Aim of the exercise:
From the records below, output exactly the lines running from the line containing "دستمال توالت گلریز مدل Nanotex - بسته 2 عددی" through the line containing "Bild 3: Mögliche", and no others.

Records to process:
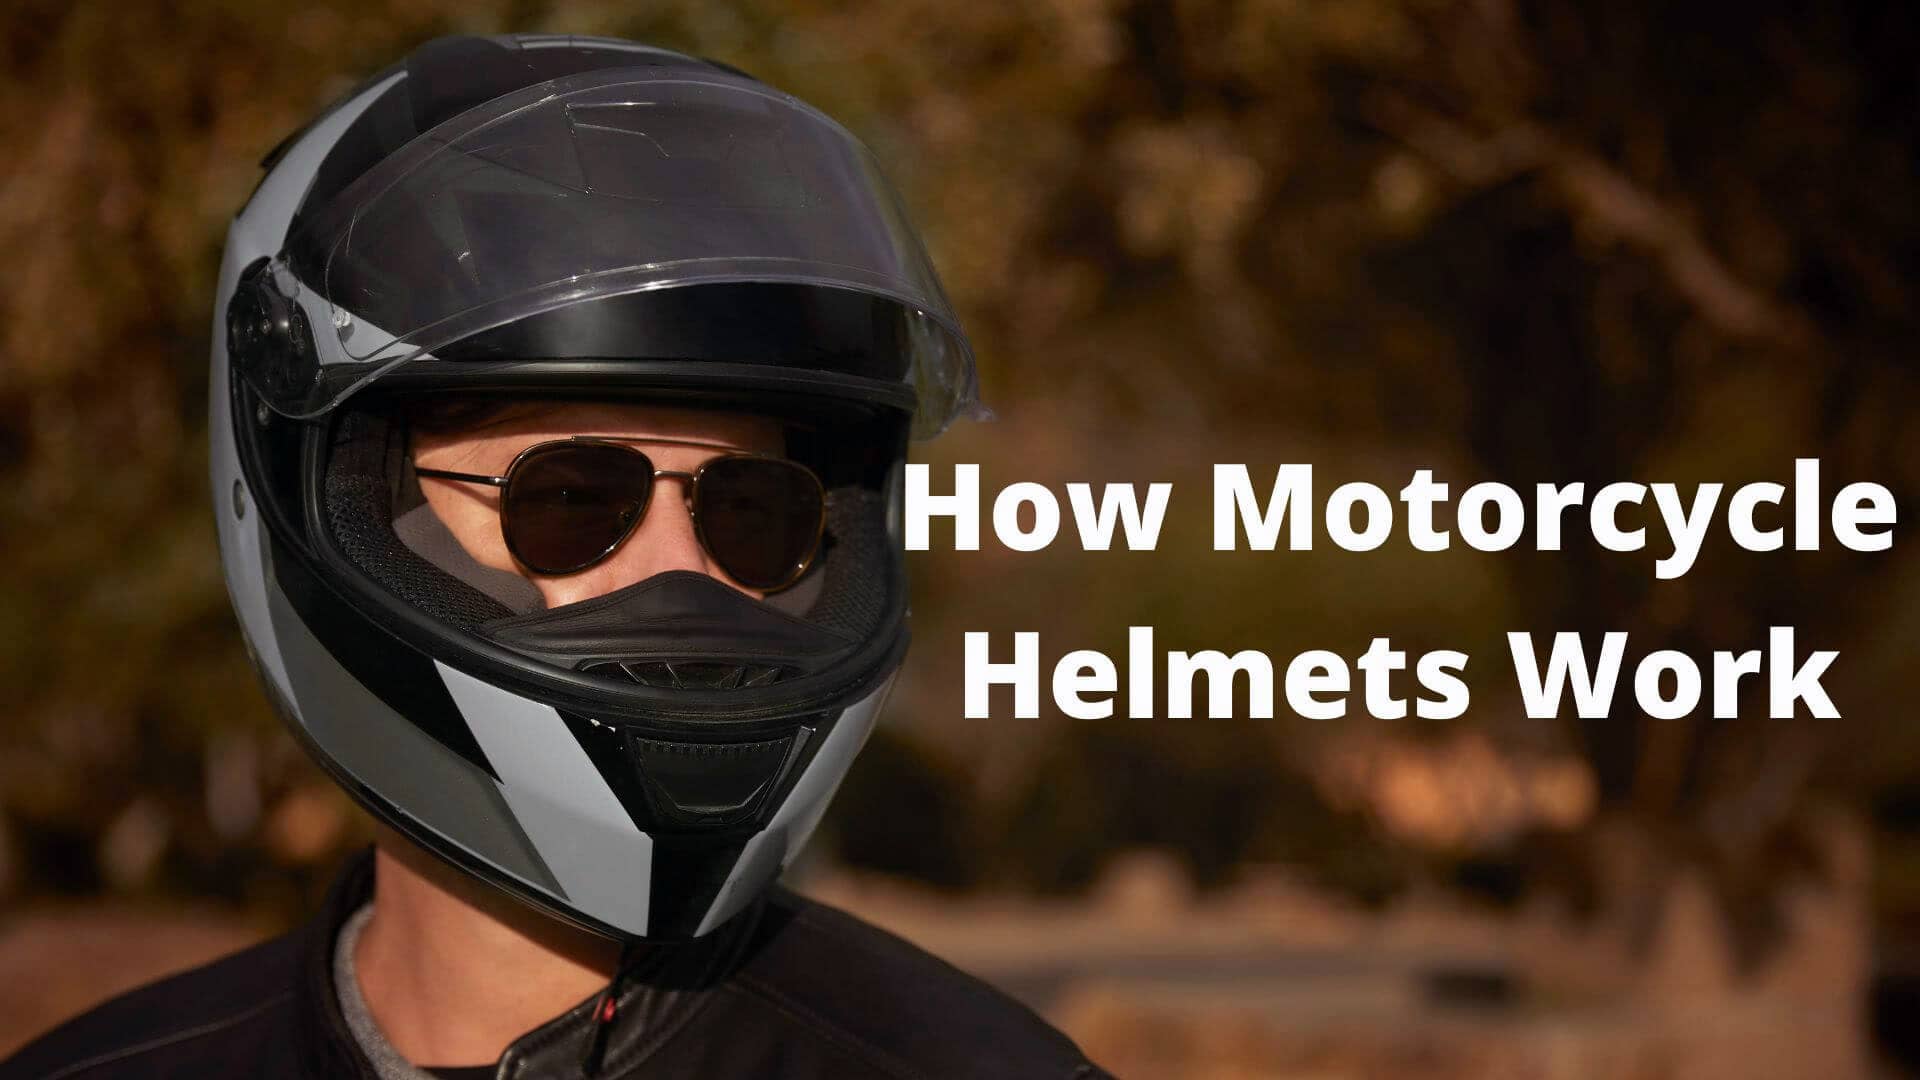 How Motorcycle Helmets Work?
* * *
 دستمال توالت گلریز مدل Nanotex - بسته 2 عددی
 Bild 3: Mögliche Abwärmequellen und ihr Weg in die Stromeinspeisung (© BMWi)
* * *
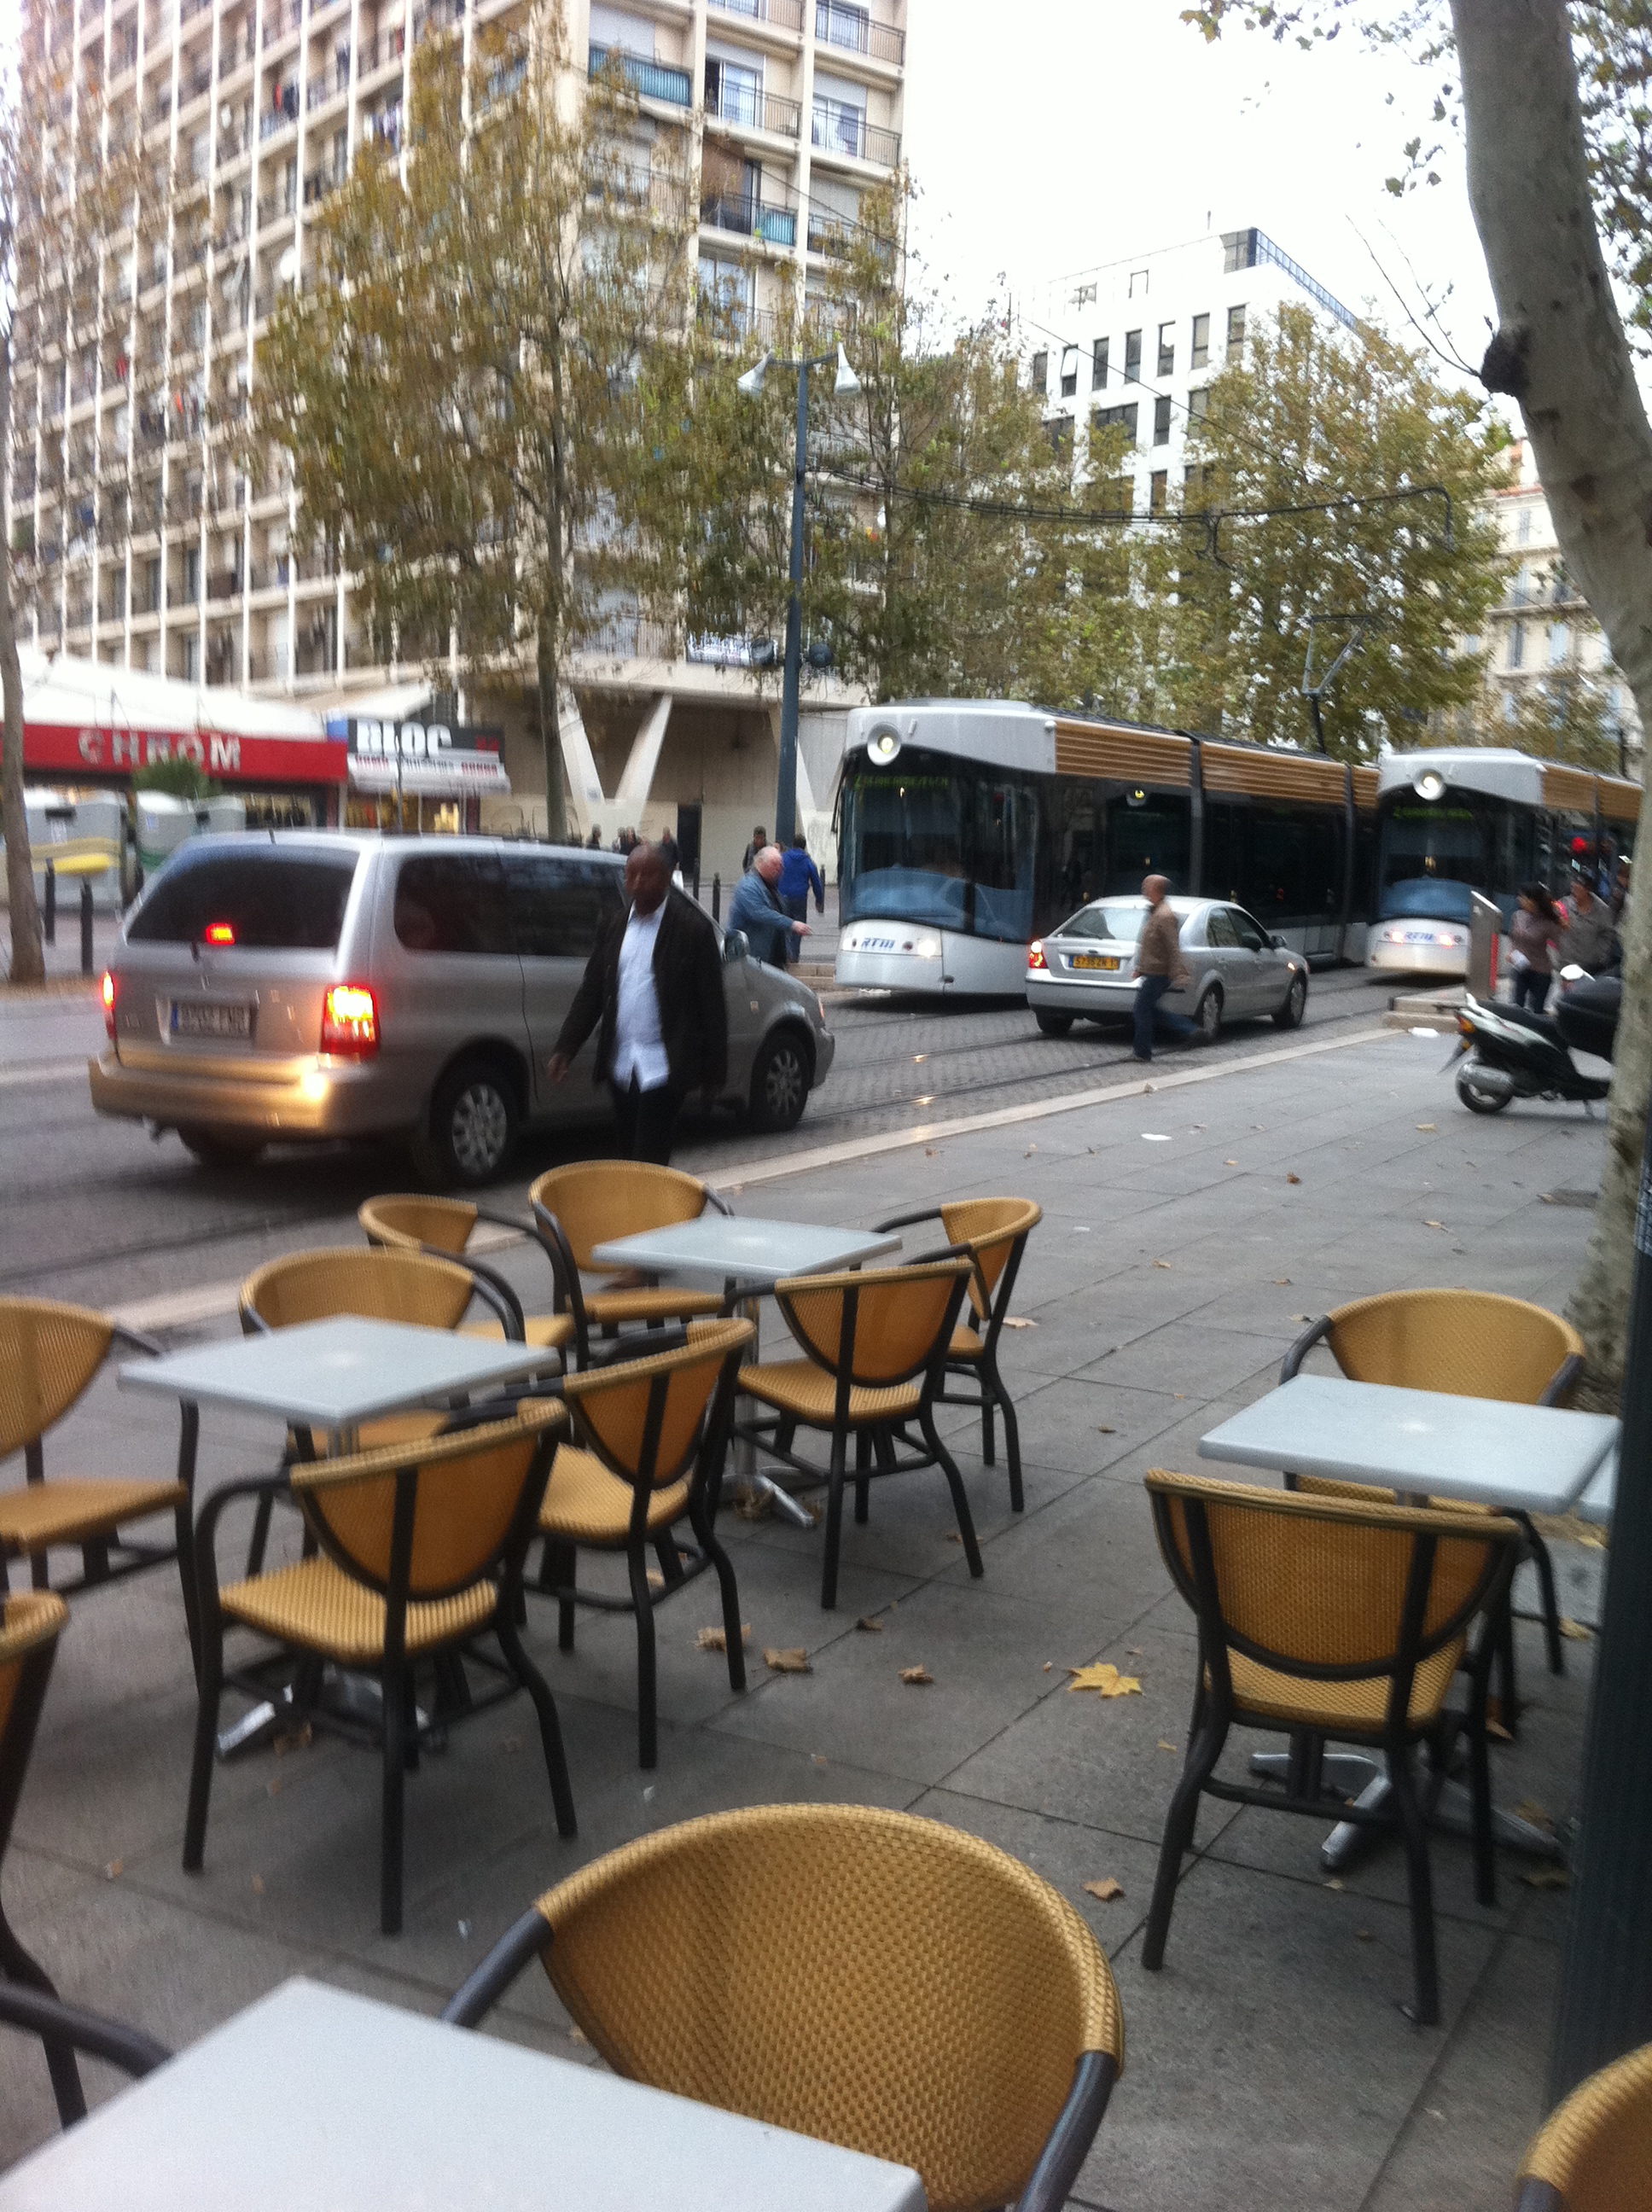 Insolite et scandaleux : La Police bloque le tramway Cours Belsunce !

Completed task:
 دستمال توالت گلریز مدل Nanotex - بسته 2 عددی
 Bild 3: Mögliche Abwärmequellen und ihr Weg in die Stromeinspeisung (© BMWi)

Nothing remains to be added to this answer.